A function-based LLM protocol and wrapper.
Project description
fnllm
A generic LLM wrapper that provides a function protocol for LLM implementations. An OpenAI wrapper is provided.
Getting Started
pip install fnllm
Overview
fnllm is an LLM wrapper that provides function-based protocols for accessing LLM functionality (e.g. fnllm.types.ChatLLM, fnllm.types.EmbeddingsLLM). It's designed to be provider-agnostic, but it currently uses OpenAI as the default provider.
⚠️
fnllmis a research grade library used by Microsoft Research. It changes rapidly, and although we try to adhere to Semantic Versioning, there may be occasional unintended breaking changes. If you usefnllm, we recommend pinning your client version and validating new versions.
Chain of Responsibility
A key feature of fnllm is that it hides several key concerns behind a chain of responsibility abstraction in order to ensure fast and durable data-processing jobs. These concerns include retrying, throttling, caching and json recovery.

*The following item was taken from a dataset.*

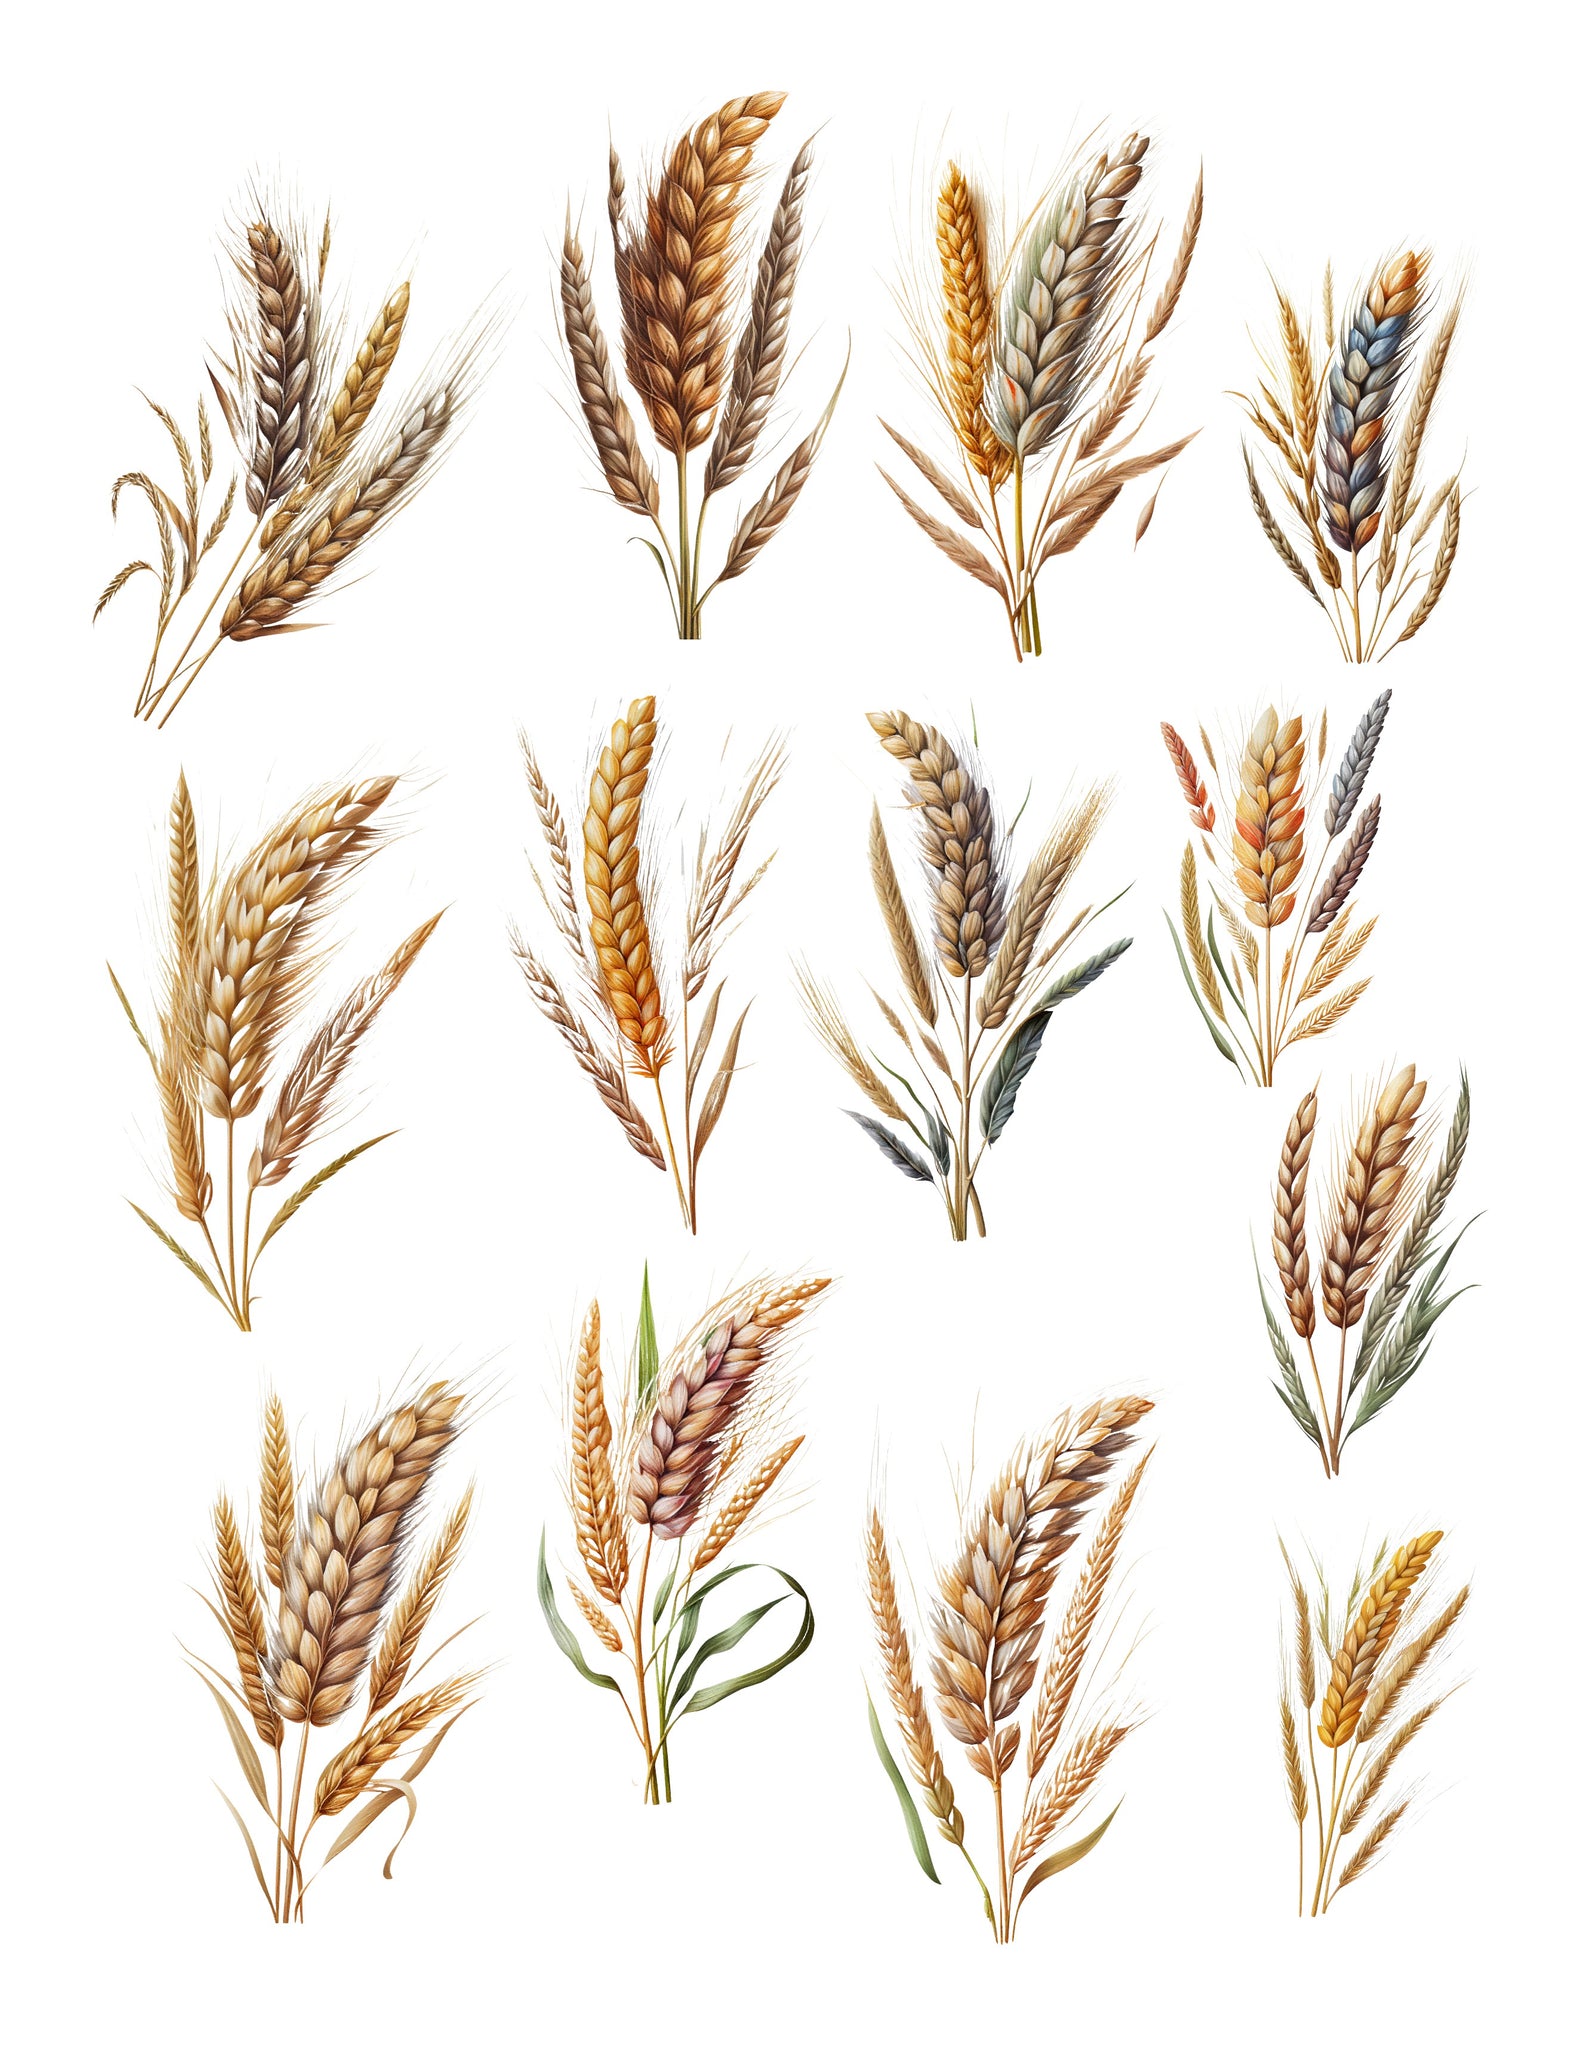 Field of Gold Wheat Ephemera
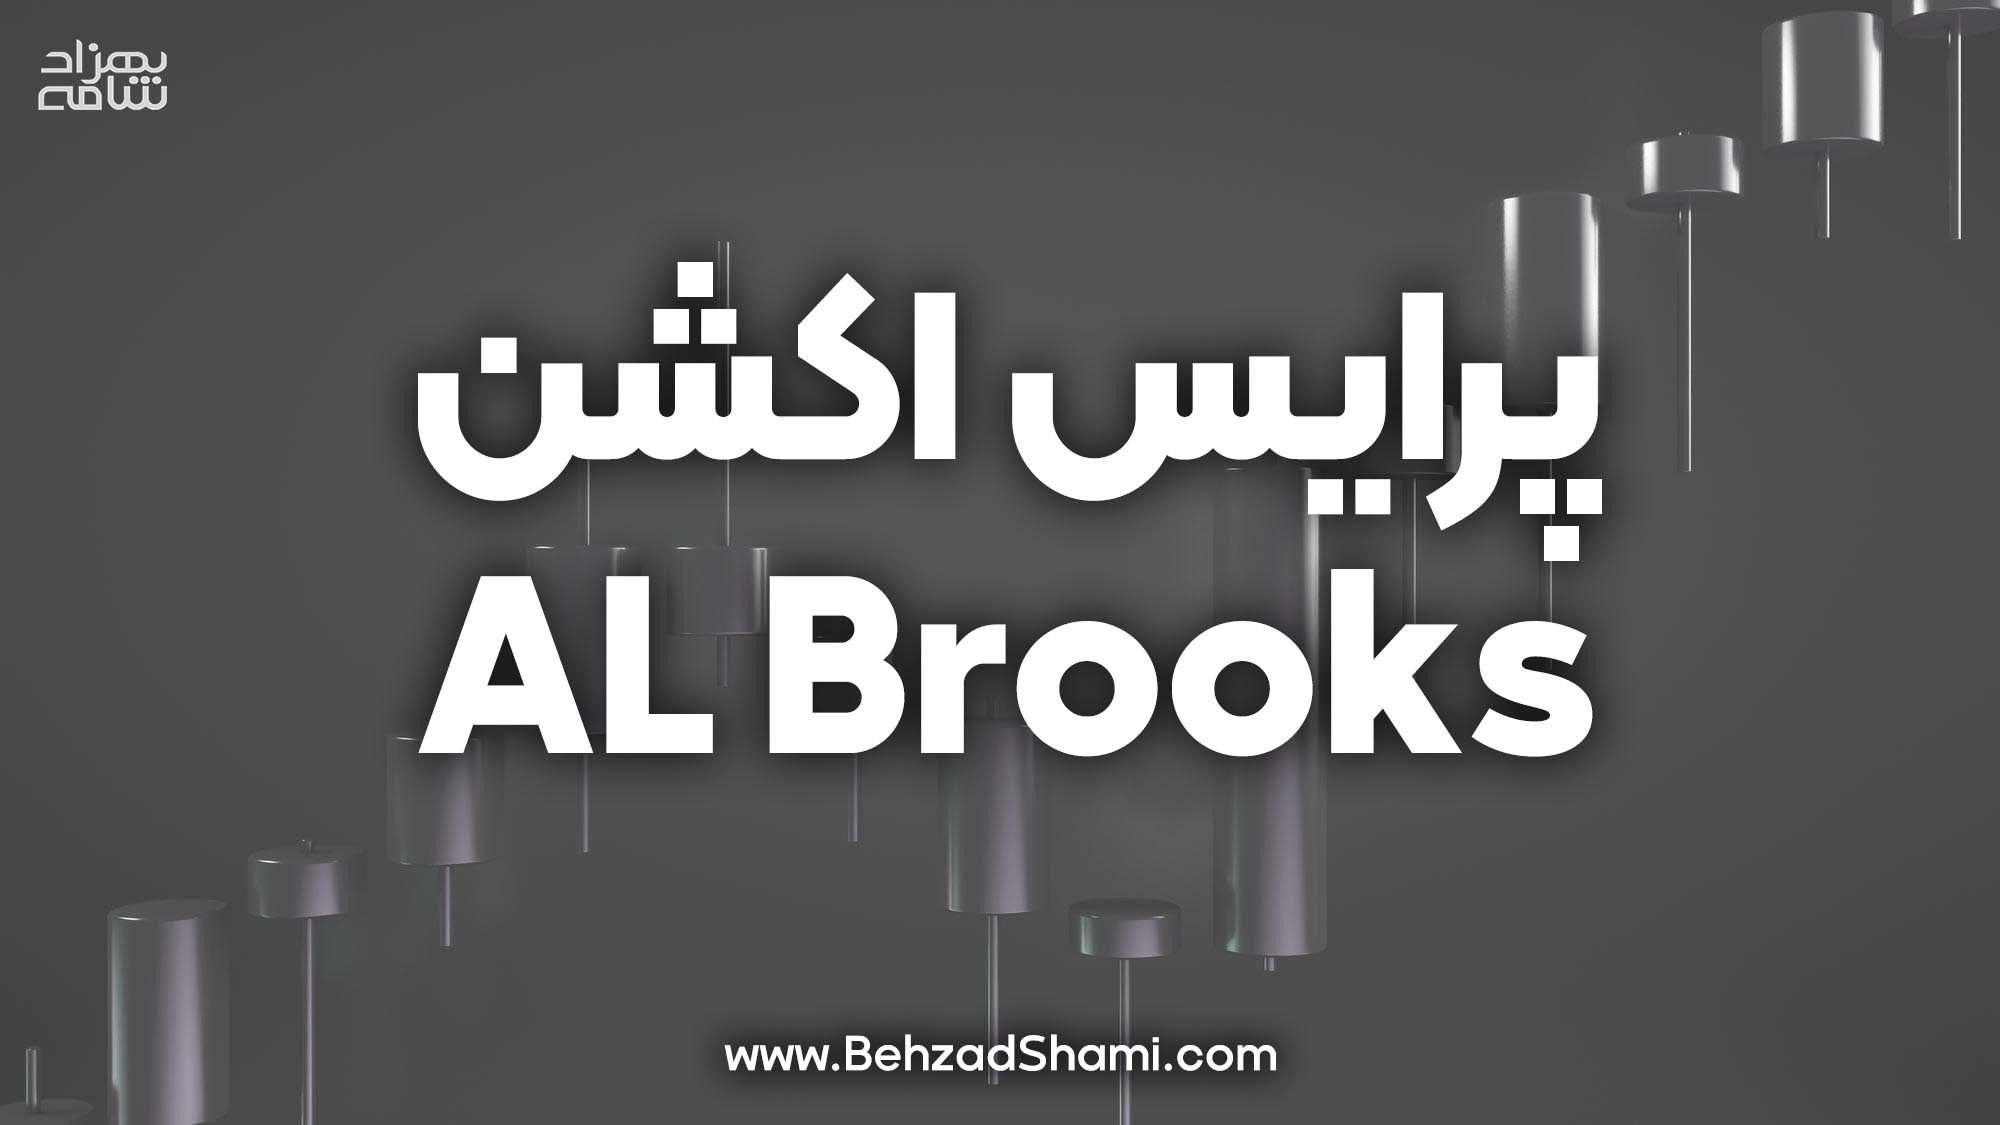 پرایس اکشن ال بروکس AL Brooks

The chain of responsibility uses Python decorators to decorate the raw LLM invocation. At a high level, the decorator stack looks like this:
flowchart TB
client
llm
client --> json(Json Recovery)
json --> cache(Caching)
cache --> retry(Retrying)
retry --> throttle(Throttling)
throttle --> llm(((LLM)))
Request Lifecycle
To understand the lifecycle of an fnllm request in more detail, we'll break this down into the inbound and outbound sides of a request.
flowchart TB
client
llm((("LLM (5)")))
jsonin("Json Inbound (noop) (1)")
jsonout("Json Outbound (9)")
cachein("Cache Inbound (2)")
cacheout("Cache Outbound (8)")
retryin("Retry Inbound (3)")
retryout("Retry Outbound (7)")
throttlein("Throttle Inbound (4)")
throttleout("Throttle Outbound (noop) (6)")
client --> jsonin
jsonin --> cachein
cachein --> retryin
retryin --> throttlein
throttlein --> llm
llm --> throttleout
throttleout --> retryout
retryout --> cacheout
cacheout --> jsonout
jsonout --> client
As a client fires off a request, the request makes it way through the decorator stack. Each decorator is responsible for a specific concern, and they all work together to ensure that the request is processed correctly.
Initial Entry
The first decorator a request encounters is the Json Recovery decorator (1), which has no inbound behavior. The first active decorator is the Cache decorator (2), which will check if the request is already cached. If it is, the cached response will be returned immediately, bypassing the rest of the decorator stack. It is important that the Cache decorator is the first active inbound decorator, as this ensures we have speedy cache reads when performing fully-cached data runs.
Live Request Execution
If a request has not been handled by the Cache decorator, it will process as a live request. There are a couple of key concerns we need to address: we need to ensure that we don't exceed the rate limits of the LLM provider, and we need to ensure that we can handle any errors that occur during the request. We want our retry logic to adhere to our model's rate-limit capacity, so the rate limiting is applied closest to the LLM. The Retry decorator (3) wraps the rest of the chain with a Retry strategy (e.g. exponential backoff, linear incremental, randomized). Finally, closest to the LLM, the request is handled by the Throttle decorator (4), which will ensure that the request is sent at a rate that is acceptable to the LLM provider. Finally, the request will be sent to the LLM (5).
Live Response Handling
Once we receive an LLM response, it will be returned through the stack in reverse order. The Throttle decorator (6) has no outbound behavior, as it only applies to inbound requests. In case of errors, the Retry decorator (7) will attempt to re-drive the request according to the retry policy. Upon a successful request, the Cache decorator (8) will write the response into the cache.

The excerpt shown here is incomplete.